The double-leg connector is composed of a horizontal U-shaped resin plate and a vertical U-shaped resin plate;

The robot legs experimental mechanism is composed of a vertical guide rail, a horizontal guide rail, a vertical displacement sensor, and a horizontal displacement sensor, wherein the slider on the vertical guide rail is connected to the horizontal U-shaped resin plate of the robot legs connector, and the vertical guide rail The L-shaped angle steel is connected with the slider on the horizontal guide rail, and the horizontal guide rail is fixed on the horizontal aluminum alloy profile in the middle of the bottom of the robot's double-leg test bench.
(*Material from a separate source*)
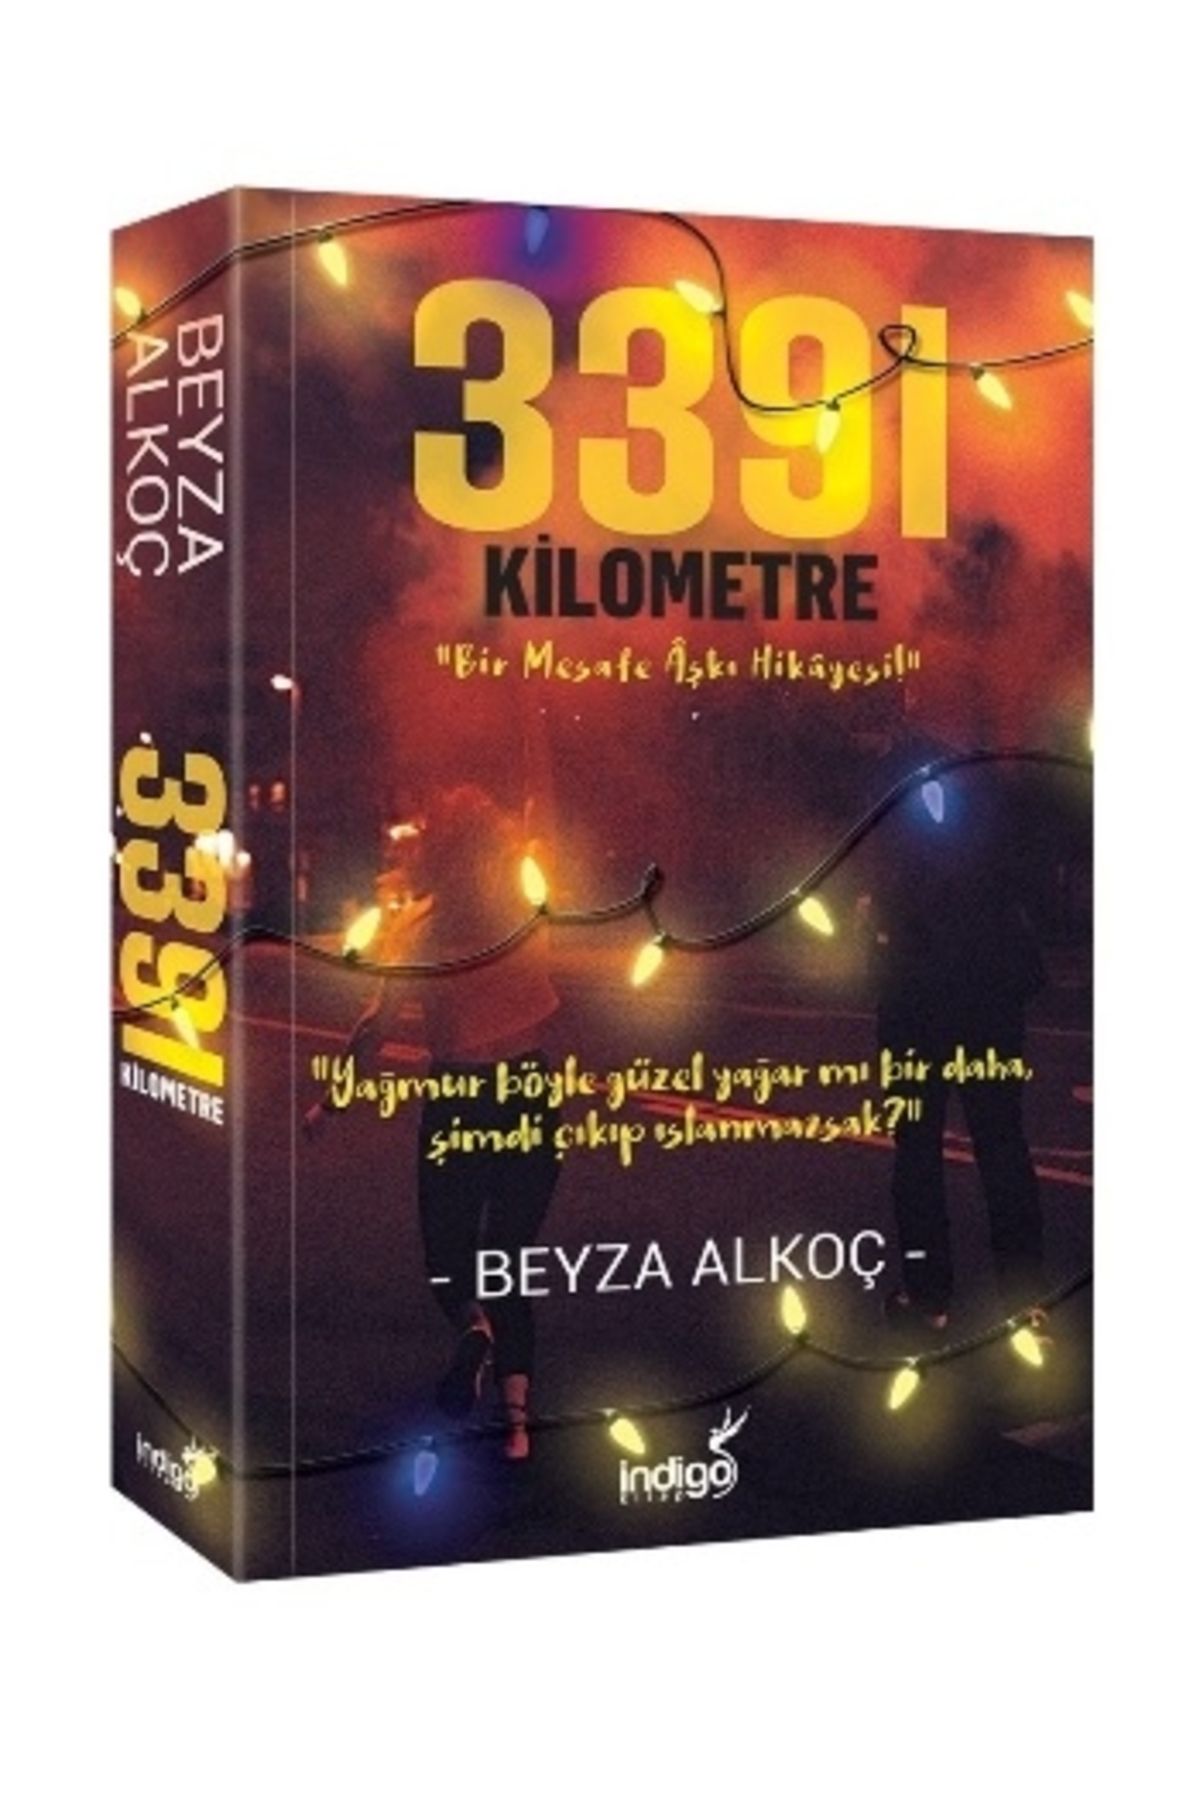 İndigo Kitap 3391 Kilometre - Ciltli

The vertical displacement sensor is connected with the horizontal guide rail slider through a rectangular resin plate. , the horizontal displacement sensor is connected to the vertical guide rail through the horizontal displacement sensor sliding connector and fixed on the aluminum alloy profile of the robot double-leg test bench through the horizontal displacement sensor fixed connector;

The robot legs controller is connected with the steering gear on the robot legs, the level sensor, the displacement sensor and the five-dimensional force sensor, and is connected with the host computer through Ethernet to perform joint control of the upper and lower computers.

2. The foot power test platform for both legs of the legged walking robot according to claim 1 is characterized in that: the foot in the single leg assembly of the robot is made up of a five-dimensional force sensor and a spherical foot end, and the five-dimensional force sensor passes through the method. The blue is connected to the spherical foot end, and the entire foot is connected to the ankle through a fork-shaped servo connecting machine.